About this task — Return only those lines of the records below in which "Desktop" appears.

═══ Task material ═══

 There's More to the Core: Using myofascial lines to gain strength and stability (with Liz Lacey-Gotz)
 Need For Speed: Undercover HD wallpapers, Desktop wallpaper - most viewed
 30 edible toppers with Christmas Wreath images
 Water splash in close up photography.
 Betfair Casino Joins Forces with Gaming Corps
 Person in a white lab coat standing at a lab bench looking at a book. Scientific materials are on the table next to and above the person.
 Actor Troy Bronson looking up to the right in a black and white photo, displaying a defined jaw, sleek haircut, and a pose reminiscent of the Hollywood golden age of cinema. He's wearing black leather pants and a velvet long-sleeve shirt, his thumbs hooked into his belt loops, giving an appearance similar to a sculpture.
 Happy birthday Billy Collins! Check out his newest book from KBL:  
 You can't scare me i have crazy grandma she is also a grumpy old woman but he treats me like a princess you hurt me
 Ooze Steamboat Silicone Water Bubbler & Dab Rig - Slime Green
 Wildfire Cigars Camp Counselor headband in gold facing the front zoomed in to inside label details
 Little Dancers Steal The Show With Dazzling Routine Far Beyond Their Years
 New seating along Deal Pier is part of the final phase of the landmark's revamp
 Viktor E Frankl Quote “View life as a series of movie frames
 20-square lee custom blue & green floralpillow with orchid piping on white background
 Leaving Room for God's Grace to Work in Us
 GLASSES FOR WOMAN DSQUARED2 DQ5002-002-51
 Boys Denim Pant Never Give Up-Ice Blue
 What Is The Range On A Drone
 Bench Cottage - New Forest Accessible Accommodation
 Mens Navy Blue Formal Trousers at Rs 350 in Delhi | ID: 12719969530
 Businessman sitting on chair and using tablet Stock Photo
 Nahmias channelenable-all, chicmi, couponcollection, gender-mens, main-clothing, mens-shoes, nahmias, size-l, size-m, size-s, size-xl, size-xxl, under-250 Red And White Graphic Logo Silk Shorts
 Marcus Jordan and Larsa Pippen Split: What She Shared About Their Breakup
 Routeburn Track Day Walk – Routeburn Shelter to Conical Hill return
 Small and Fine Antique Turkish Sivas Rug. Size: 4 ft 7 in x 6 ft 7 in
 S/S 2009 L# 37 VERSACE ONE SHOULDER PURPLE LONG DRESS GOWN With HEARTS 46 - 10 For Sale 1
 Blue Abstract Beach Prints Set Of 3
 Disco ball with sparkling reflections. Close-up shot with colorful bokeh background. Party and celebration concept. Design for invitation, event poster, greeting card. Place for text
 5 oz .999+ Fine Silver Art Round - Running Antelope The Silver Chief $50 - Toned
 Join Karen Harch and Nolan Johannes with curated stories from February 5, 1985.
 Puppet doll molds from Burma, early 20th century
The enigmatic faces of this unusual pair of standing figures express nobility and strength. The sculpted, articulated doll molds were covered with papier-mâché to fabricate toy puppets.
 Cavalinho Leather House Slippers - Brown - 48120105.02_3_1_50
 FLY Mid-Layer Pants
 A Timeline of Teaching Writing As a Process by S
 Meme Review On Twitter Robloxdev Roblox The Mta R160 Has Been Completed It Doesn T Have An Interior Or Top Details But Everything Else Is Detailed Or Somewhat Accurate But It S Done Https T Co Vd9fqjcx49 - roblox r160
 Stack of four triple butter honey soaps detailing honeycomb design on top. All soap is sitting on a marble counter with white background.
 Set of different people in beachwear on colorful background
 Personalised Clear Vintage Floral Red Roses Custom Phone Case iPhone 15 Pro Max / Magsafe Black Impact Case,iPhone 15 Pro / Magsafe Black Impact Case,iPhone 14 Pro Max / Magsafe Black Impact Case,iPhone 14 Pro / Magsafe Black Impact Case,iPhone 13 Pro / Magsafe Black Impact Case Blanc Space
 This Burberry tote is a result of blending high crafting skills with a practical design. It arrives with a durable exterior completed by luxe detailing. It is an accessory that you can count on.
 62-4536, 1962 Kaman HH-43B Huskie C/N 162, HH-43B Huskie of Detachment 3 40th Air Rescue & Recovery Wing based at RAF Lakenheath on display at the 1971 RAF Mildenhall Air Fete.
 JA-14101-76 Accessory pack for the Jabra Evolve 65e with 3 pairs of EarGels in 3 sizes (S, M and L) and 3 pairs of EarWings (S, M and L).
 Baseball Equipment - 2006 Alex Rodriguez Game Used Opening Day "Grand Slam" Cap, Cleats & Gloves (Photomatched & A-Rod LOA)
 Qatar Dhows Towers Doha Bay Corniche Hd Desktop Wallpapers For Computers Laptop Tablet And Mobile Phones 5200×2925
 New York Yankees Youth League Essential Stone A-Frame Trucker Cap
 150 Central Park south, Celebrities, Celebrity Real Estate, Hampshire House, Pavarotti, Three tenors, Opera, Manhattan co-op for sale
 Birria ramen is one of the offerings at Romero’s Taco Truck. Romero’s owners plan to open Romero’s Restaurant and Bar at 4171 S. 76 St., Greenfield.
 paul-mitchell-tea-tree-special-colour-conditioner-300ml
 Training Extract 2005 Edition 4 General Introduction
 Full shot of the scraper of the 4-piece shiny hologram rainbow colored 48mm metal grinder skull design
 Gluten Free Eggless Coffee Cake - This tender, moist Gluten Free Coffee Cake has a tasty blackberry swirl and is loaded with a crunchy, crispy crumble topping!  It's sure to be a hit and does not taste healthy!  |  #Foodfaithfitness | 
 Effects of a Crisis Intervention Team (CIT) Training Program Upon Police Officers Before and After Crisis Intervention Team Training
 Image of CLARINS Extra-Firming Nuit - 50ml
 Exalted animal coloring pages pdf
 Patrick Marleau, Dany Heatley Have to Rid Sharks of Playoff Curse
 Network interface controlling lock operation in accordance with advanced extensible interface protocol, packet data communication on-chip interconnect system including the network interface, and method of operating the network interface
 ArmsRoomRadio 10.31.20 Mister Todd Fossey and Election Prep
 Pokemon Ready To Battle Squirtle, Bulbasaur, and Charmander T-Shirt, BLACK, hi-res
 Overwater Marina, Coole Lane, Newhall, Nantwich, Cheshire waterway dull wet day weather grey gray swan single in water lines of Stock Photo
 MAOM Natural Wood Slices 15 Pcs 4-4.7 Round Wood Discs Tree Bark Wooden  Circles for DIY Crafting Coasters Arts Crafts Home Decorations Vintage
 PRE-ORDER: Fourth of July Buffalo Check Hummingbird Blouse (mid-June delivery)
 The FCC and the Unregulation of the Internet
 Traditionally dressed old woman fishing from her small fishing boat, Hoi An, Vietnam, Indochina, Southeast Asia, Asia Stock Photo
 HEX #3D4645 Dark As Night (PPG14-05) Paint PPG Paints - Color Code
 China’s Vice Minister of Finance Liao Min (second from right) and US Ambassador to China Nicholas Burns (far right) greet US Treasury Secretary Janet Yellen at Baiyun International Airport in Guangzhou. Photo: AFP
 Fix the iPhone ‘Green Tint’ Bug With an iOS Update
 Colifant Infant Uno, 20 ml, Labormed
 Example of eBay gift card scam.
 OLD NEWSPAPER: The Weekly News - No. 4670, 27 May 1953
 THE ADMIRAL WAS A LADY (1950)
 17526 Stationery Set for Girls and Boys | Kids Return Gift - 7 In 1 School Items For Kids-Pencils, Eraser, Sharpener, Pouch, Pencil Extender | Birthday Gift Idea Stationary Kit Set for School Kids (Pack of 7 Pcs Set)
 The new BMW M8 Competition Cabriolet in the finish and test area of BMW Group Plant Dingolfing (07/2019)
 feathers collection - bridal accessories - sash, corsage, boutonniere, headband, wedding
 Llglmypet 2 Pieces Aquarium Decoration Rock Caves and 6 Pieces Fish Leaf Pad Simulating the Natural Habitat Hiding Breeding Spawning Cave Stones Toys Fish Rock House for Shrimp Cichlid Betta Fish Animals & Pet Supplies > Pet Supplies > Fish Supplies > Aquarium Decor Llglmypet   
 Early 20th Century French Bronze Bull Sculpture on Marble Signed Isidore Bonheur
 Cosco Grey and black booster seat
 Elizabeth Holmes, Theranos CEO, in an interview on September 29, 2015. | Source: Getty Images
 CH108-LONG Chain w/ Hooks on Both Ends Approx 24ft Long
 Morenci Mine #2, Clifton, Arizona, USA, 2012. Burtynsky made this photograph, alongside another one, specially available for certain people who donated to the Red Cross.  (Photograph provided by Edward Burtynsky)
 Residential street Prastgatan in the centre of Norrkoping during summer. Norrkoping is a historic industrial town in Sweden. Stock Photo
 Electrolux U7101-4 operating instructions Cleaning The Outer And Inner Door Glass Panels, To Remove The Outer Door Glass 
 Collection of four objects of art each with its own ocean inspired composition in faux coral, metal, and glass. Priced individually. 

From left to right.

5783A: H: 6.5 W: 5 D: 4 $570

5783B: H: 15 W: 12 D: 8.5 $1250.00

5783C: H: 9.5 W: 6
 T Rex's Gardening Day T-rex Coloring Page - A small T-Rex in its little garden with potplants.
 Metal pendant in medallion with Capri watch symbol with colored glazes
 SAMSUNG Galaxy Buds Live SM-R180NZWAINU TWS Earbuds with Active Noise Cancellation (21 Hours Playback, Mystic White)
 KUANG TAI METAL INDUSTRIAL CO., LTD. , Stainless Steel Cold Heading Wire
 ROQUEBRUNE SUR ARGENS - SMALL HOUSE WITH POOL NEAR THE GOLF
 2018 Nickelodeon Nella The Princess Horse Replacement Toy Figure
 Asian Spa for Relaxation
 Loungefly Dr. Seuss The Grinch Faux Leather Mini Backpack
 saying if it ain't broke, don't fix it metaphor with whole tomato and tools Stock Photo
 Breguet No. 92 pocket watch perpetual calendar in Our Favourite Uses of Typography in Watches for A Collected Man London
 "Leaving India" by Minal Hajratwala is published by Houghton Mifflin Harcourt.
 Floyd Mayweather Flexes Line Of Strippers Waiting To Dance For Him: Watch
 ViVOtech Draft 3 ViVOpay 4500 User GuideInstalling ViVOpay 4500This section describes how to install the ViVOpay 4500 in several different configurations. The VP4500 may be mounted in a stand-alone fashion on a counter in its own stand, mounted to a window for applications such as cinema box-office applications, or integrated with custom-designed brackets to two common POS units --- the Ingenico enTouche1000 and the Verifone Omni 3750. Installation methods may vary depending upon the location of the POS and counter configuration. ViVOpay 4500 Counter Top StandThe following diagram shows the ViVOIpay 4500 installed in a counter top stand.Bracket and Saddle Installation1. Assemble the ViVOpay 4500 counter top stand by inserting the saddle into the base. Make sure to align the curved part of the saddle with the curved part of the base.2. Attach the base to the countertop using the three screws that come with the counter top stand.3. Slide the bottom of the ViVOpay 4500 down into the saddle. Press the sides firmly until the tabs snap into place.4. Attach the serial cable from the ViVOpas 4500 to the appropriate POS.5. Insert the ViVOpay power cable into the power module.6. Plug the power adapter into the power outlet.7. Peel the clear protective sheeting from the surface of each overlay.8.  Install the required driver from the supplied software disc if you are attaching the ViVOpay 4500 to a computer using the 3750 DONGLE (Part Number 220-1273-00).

═══

Task result —
 Need For Speed: Undercover HD wallpapers, Desktop wallpaper - most viewed
 Qatar Dhows Towers Doha Bay Corniche Hd Desktop Wallpapers For Computers Laptop Tablet And Mobile Phones 5200×2925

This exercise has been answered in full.